In [1]:
import numpy as np
import torch

# CASE STUDY: POS Tagging!

Now let's dive into an example that is more relevant to NLP and is relevant to your HW3, part-of-speech tagging! We will be building up code up until the point where you will be able to process the POS data into tensors, then train a simple model on it.
The code we are building up to forms the basis of the code in the homework assignment.

To start, we'll need some data to train and evaluate on. First download the train and dev POS data `twitter_train.pos` and `twitter_dev.pos` into the same directory as this notebook.

We will now be introducing three new components which are vital to training (NLP) models:
1. a `Vocabulary` object which converts from tokens/labels to integers. This part should also be able to handle padding so that batches can be easily created.
2. a `Dataset` object which takes in the data file and produces data tensors
3. a `DataLoader` object which takes data tensors from `Dataset` and batches them

### `Vocabulary`

Next, we need to get our data into Python and in a form that is usable by PyTorch. For text data this typically entails building a `Vocabulary`  of all of the words, then mapping words to integers corresponding to their place in the sorted vocabulary. This can be done as follows:

In [2]:
class Vocabulary():
    """ Object holding vocabulary and mappings
    Args:
        word_list: ``list`` A list of words. Words assumed to be unique.
        add_unk_token: ``bool` Whether to create an token for unknown tokens.
    """
    def __init__(self, word_list, add_unk_token=False):
        # create special tokens for padding and unknown words
        self.pad_token = '<pad>'
        self.unk_token = '<unk>' if add_unk_token else None

        self.special_tokens = [self.pad_token]
        if self.unk_token:
            self.special_tokens += [self.unk_token]

        self.word_list = word_list
        
        # maps from the token ID to the token
        self.id_to_token = self.word_list + self.special_tokens
        # maps from the token to its token ID
        self.token_to_id = {token: id for id, token in
                            enumerate(self.id_to_token)}
        
    def __len__(self):
        """ Returns size of vocabulary """
        return len(self.token_to_id)
    
    @property
    def pad_token_id(self):
        return self.map_token_to_id(self.pad_token)
        
    def map_token_to_id(self, token: str):
        """ Maps a single token to its token ID """
        if token not in self.token_to_id:
            token = self.unk_token
        return self.token_to_id[token]

    def map_id_to_token(self, id: int):
        """ Maps a single token ID to its token """
        return self.id_to_token[id]

    def map_tokens_to_ids(self, tokens: list, max_length: int = None):
        """ Maps a list of tokens to a list of token IDs """
        # truncate extra tokens and pad to `max_length`
        if max_length:
            tokens = tokens[:max_length]
            tokens = tokens + [self.pad_token]*(max_length-len(tokens))
        return [self.map_token_to_id(token) for token in tokens]

    def map_ids_to_tokens(self, ids: list, filter_padding=True):
        """ Maps a list of token IDs to a list of token """
        tokens = [self.map_id_to_token(id) for id in ids]
        if filter_padding:
            tokens = [t for t in tokens if t != self.pad_token]
        return tokens

### `Dataset`

Next, we need a way to efficiently read in the data file and to process it into tensors.

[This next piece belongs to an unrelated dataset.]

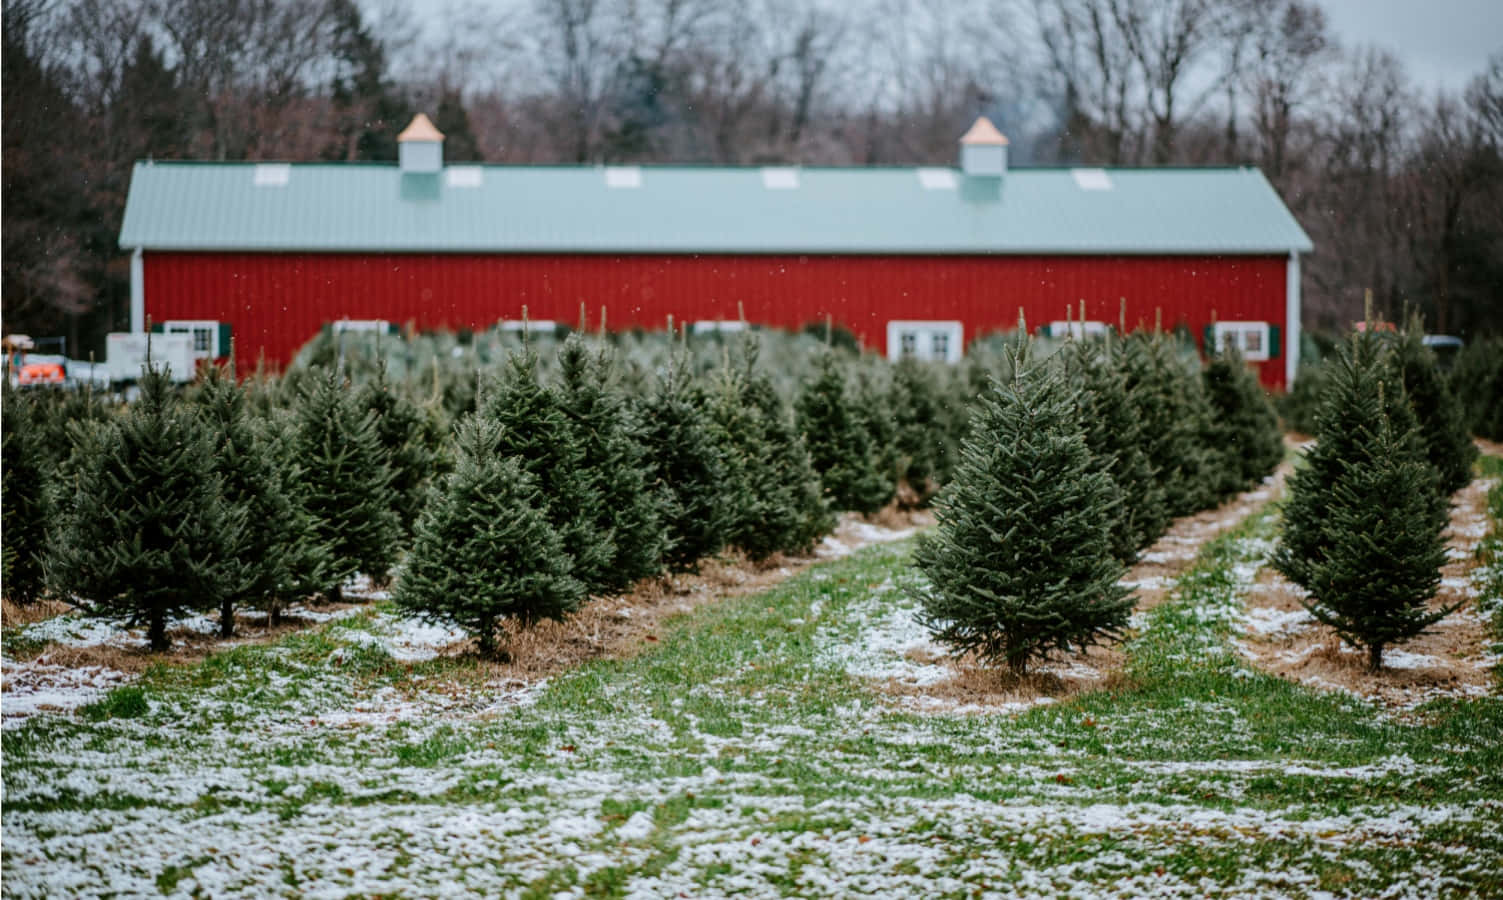 Bred gårdhus i jule træ Plantage billedet beskrive tapetet.

PyTorch provides an easy way to do this using the `torch.utils.data.Dataset` class. We will be creating our own class which inherits from this class. 

Helpful link: https://pytorch.org/tutorials/beginner/basics/data_tutorial.html

A custom `Dataset` class must implement three functions: 

- $__init__$: The init functions is run once when instantisting the `Dataset` object.
- $__len__$: The len function returns the number of data points in our dataset.
- $__getitem__$. The getitem function returns a sample from the dataset give the index of the sample. The output of this part should be a dictionary of (mostly) PyTorch tensors.

In [3]:
class WikiDataset(torch.utils.data.Dataset):
    def __init__(self, data_path):
        self._dataset = []
    
        # read the dataset file, extracting tokens and tags
        with open(data_path, 'r', encoding='utf-8') as f:
            for i,line in enumerate(f):
                if(i==0): continue
                tokens = []
                elements = line.strip().split(',')          #############################################
                content = elements[3].split(' ')
                for word in content:
                    clean_word = word.replace(".", "").replace("(","").replace(")","")
                    tokens.append(clean_word)
                #elements[-2] = elements[-2].replace("P","")
                self._dataset.append({'tokens': tokens, 'label': [elements[-2]]})
        
        # intiailize an empty vocabulary
        self.token_vocab = None
        self.label_vocab = None

    def __len__(self):
        return len(self._dataset)

    def __getitem__(self, item: int):
        # get the sample corresponding to the index
        instance = self._dataset[item]
        
        # check the vocabulary has been set
        assert self.token_vocab is not None
        assert self.label_vocab is not None
        
        # Convert inputs to tensors, then return
        return self.tensorize(instance['tokens'], instance['label'])
    
    def tensorize(self, tokens, cls=None, max_length=None):
        # map the tokens and tags into their ID form
        token_ids = self.token_vocab.map_tokens_to_ids(tokens, max_length)
        tensor_dict = {'token_ids': torch.LongTensor(token_ids)}
        if cls:
            label_map = self.label_vocab.map_tokens_to_ids(cls)
            tensor_dict['label'] = torch.LongTensor(label_map)
        return tensor_dict
        
    def get_tokens_list(self):
        """ Returns set of tokens in dataset """
        tokens = [token for d in self._dataset for token in d['tokens']]
        return sorted(set(tokens))

    def get_classes_list(self):
        """ Returns set of tags in dataset """
        clss = [c for d in self._dataset for c in d['label']]
        return sorted(set(clss))

    def set_vocab(self, token_vocab: Vocabulary, label_vocab: Vocabulary):
        self.token_vocab = token_vocab
        self.label_vocab = label_vocab

Now let's create `Dataset` objects for our training and validation sets!
A key step here is creating the `Vocabulary` for these datasets.
We will use the list of words in the training set to intialize a `Vocabulary` object over the input words. 
We will also use list of tags to intialize a `Vocabulary` over the tags.

In [4]:
train_dataset = WikiDataset('basketball_links_results_training_dedup.csv')
dev_dataset = WikiDataset('basketball_links_results_training_dedup.csv')     ###################################################

# Get list of tokens and tags seen in training set and use to create Vocabulary
token_list = train_dataset.get_tokens_list()
class_list = train_dataset.get_classes_list()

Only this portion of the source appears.